YOUR TASK> From the listing that follows, output everything exactly except the pictures.

GIVEN MATERIAL>
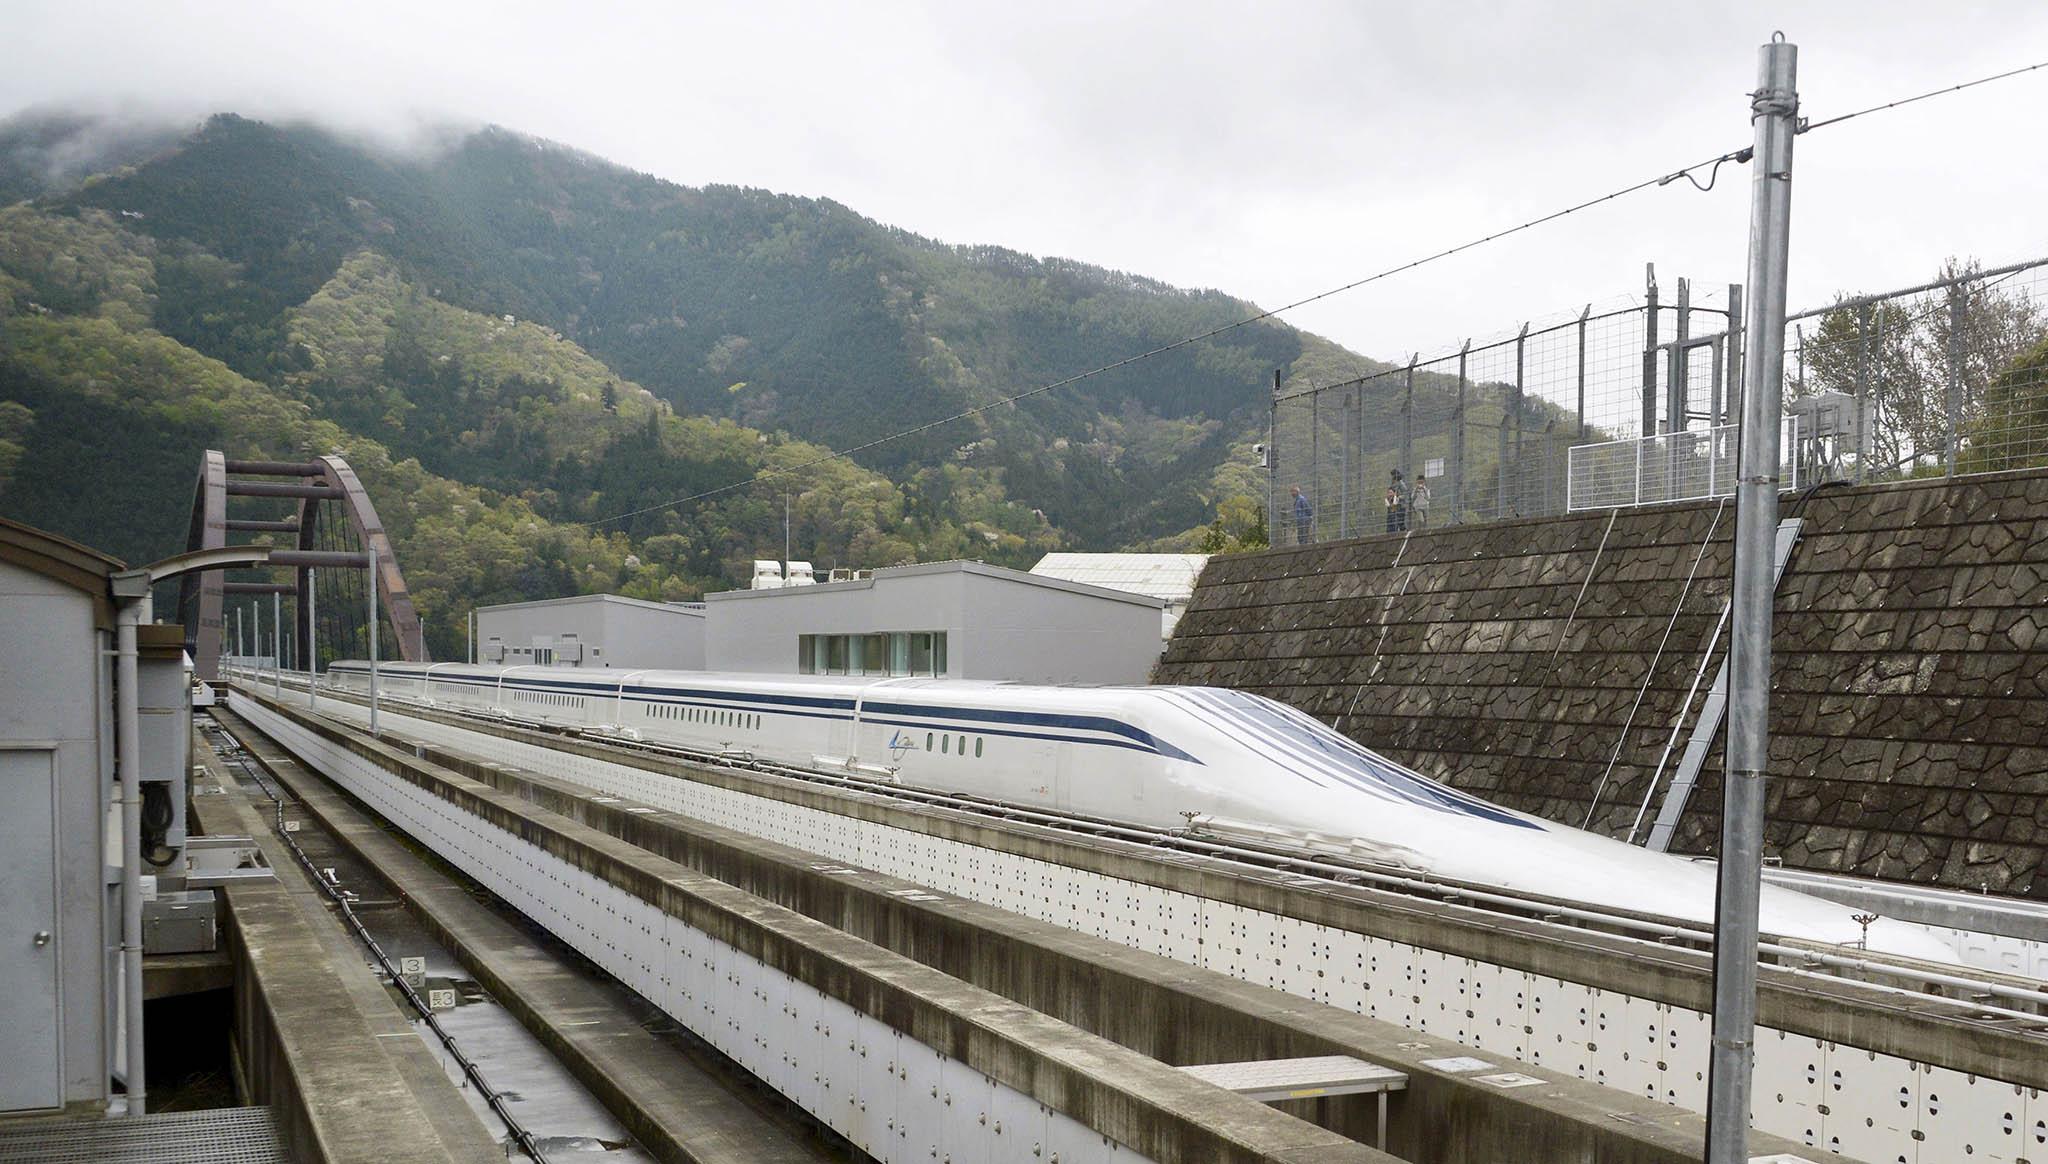 Souprava bude podokončení výstavby trati jezdit mezi městy Tokio aÓsaka.
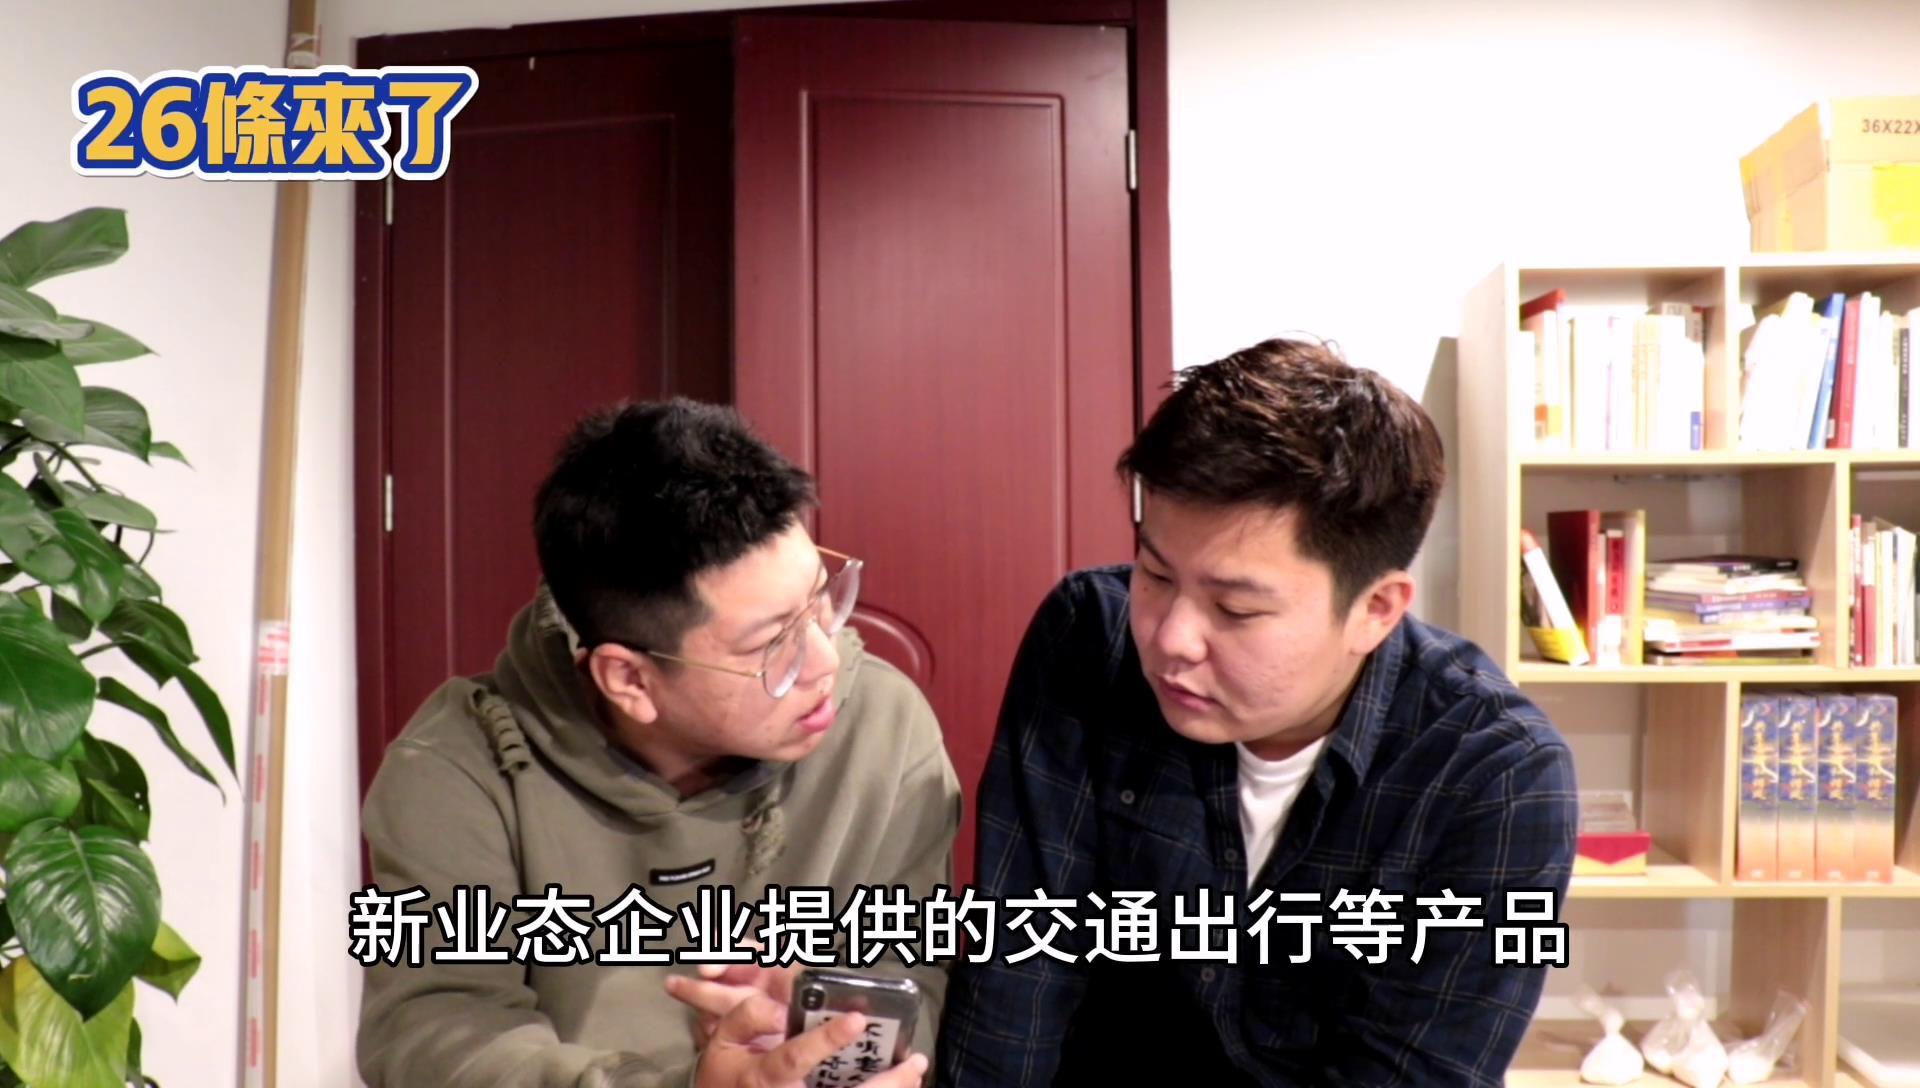 【26条来了】台湾朋友在大陆出行更便利啦!图片
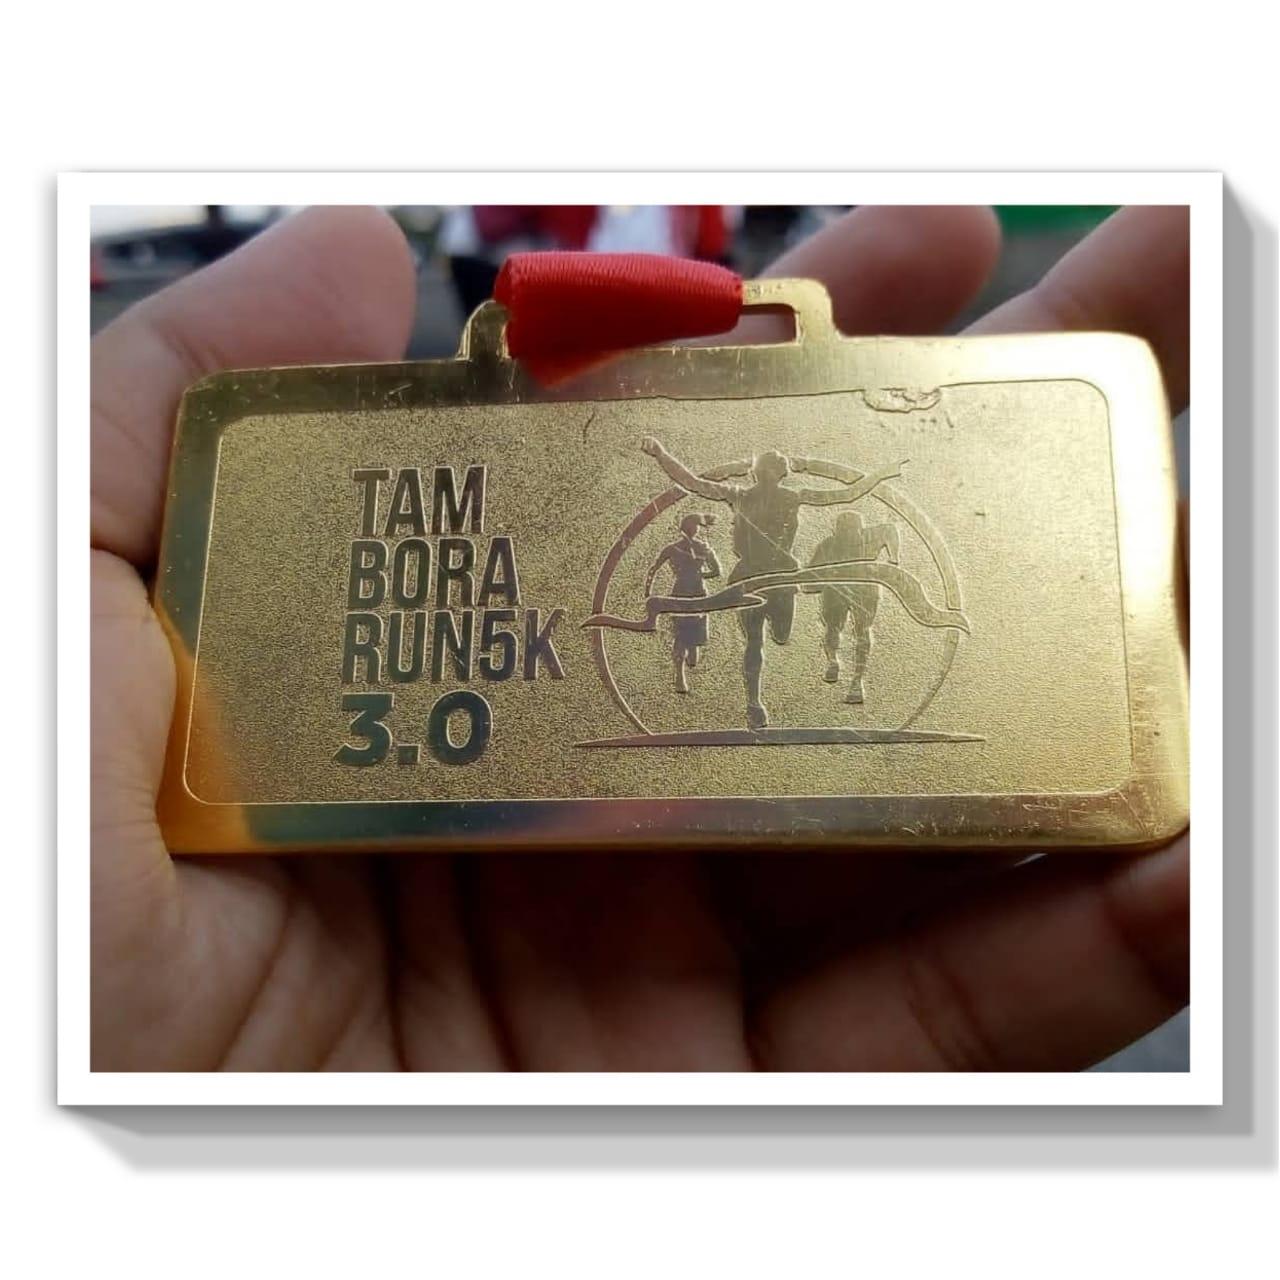 Medali emas di Tambora Run
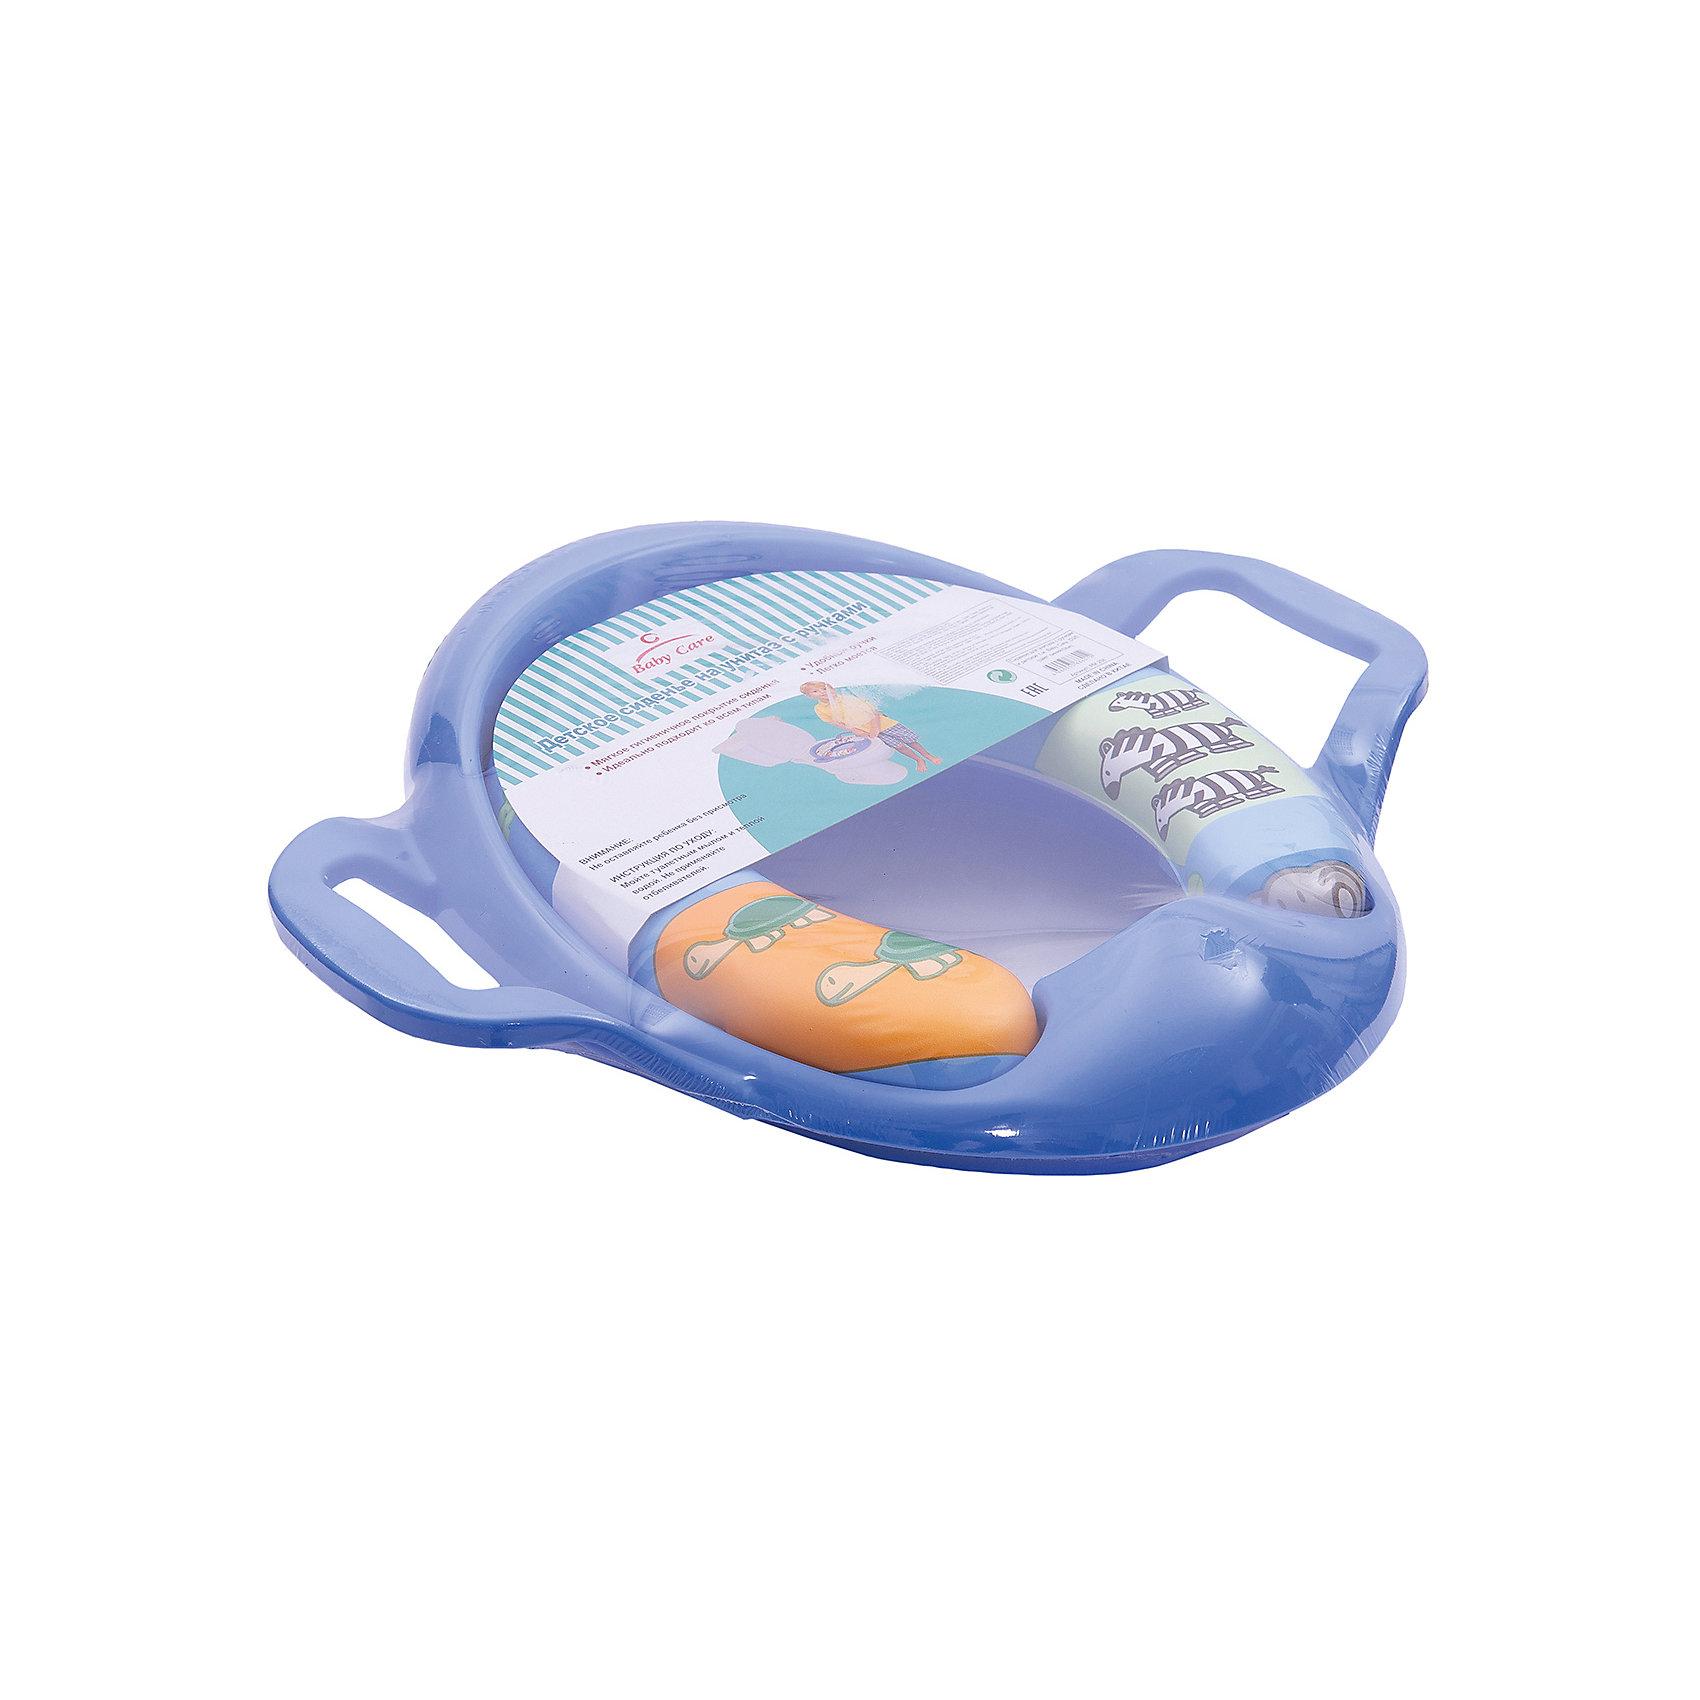 Сиденье для унитаза c ручками, Baby Care, синийСидение Baby Care - очень удобная накладка на унитаз, которая поможет ребенку привыкнуть ко взрослому унитазу. Оно разработано, учитывая потребности малыша. Для дополнительного удобства оно оснащена двумя большими пластиковыми ручками, чтобы малыш чувствовал себя уверенно. Оригинальный дизайн с забавными рисунками точно понравится малышу. Мягкая обивка приятна на ощупь и обеспечивает дополнительный комфорт. Сидение можно устанавливать на любой взрослый унитаз. Оно легко моется, а брызговик защитит его от лишних загрязнений. После использования сидение можно легко повесить рядом с унитазом, чтобы оно было легко доступно в следующий раз.<br><br>Дополнительная информация:<br><br>- Удобные ручки;<br>- Защита от брызг;<br>- Уникально мягкое покрытие, которое легко мыть;<br>- Обеспечивает комфортное и удобное положение ребёнка;<br>- Забавные рисунки;<br>- Материал не вызывает аллергии; <br>- Может использоваться для детей любого пола;<br>- Подходит для любых унитазов;<br>- Можно подвесить до следующего использования;<br>- Материал: нетоксичный пластик, резина;<br>- Цвет: синий;<br>- Размер отверстия: 11 х 13 см;<br>- Размеры (нижней части, которая вставляется во взрослый стульчак): длина - 24,5 см, ширина - 20,5 см;<br>- Размеры внешние: 38,5, х 29,5 см;<br>- Вес: 600 г.<br><br>Сиденье для унитаза c ручками, Baby Care, синее можно купить в нашем интернет-магазине.<br><br>Ширина мм: 380<br>Глубина мм: 290<br>Высота мм: 80<br>Вес г: 600<br>Возраст от месяцев: 12<br>Возраст до месяцев: 36<br>Пол: Унисекс<br>Возраст: Детский<br>SKU: 3949961

ANSWER TO THIS PROBLEM>
 Souprava bude podokončení výstavby trati jezdit mezi městy Tokio aÓsaka.
 【26条来了】台湾朋友在大陆出行更便利啦!图片
 Medali emas di Tambora Run
 Сиденье для унитаза c ручками, Baby Care, синийСидение Baby Care - очень удобная накладка на унитаз, которая поможет ребенку привыкнуть ко взрослому унитазу. Оно разработано, учитывая потребности малыша. Для дополнительного удобства оно оснащена двумя большими пластиковыми ручками, чтобы малыш чувствовал себя уверенно. Оригинальный дизайн с забавными рисунками точно понравится малышу. Мягкая обивка приятна на ощупь и обеспечивает дополнительный комфорт. Сидение можно устанавливать на любой взрослый унитаз. Оно легко моется, а брызговик защитит его от лишних загрязнений. После использования сидение можно легко повесить рядом с унитазом, чтобы оно было легко доступно в следующий раз.<br><br>Дополнительная информация:<br><br>- Удобные ручки;<br>- Защита от брызг;<br>- Уникально мягкое покрытие, которое легко мыть;<br>- Обеспечивает комфортное и удобное положение ребёнка;<br>- Забавные рисунки;<br>- Материал не вызывает аллергии; <br>- Может использоваться для детей любого пола;<br>- Подходит для любых унитазов;<br>- Можно подвесить до следующего использования;<br>- Материал: нетоксичный пластик, резина;<br>- Цвет: синий;<br>- Размер отверстия: 11 х 13 см;<br>- Размеры (нижней части, которая вставляется во взрослый стульчак): длина - 24,5 см, ширина - 20,5 см;<br>- Размеры внешние: 38,5, х 29,5 см;<br>- Вес: 600 г.<br><br>Сиденье для унитаза c ручками, Baby Care, синее можно купить в нашем интернет-магазине.<br><br>Ширина мм: 380<br>Глубина мм: 290<br>Высота мм: 80<br>Вес г: 600<br>Возраст от месяцев: 12<br>Возраст до месяцев: 36<br>Пол: Унисекс<br>Возраст: Детский<br>SKU: 3949961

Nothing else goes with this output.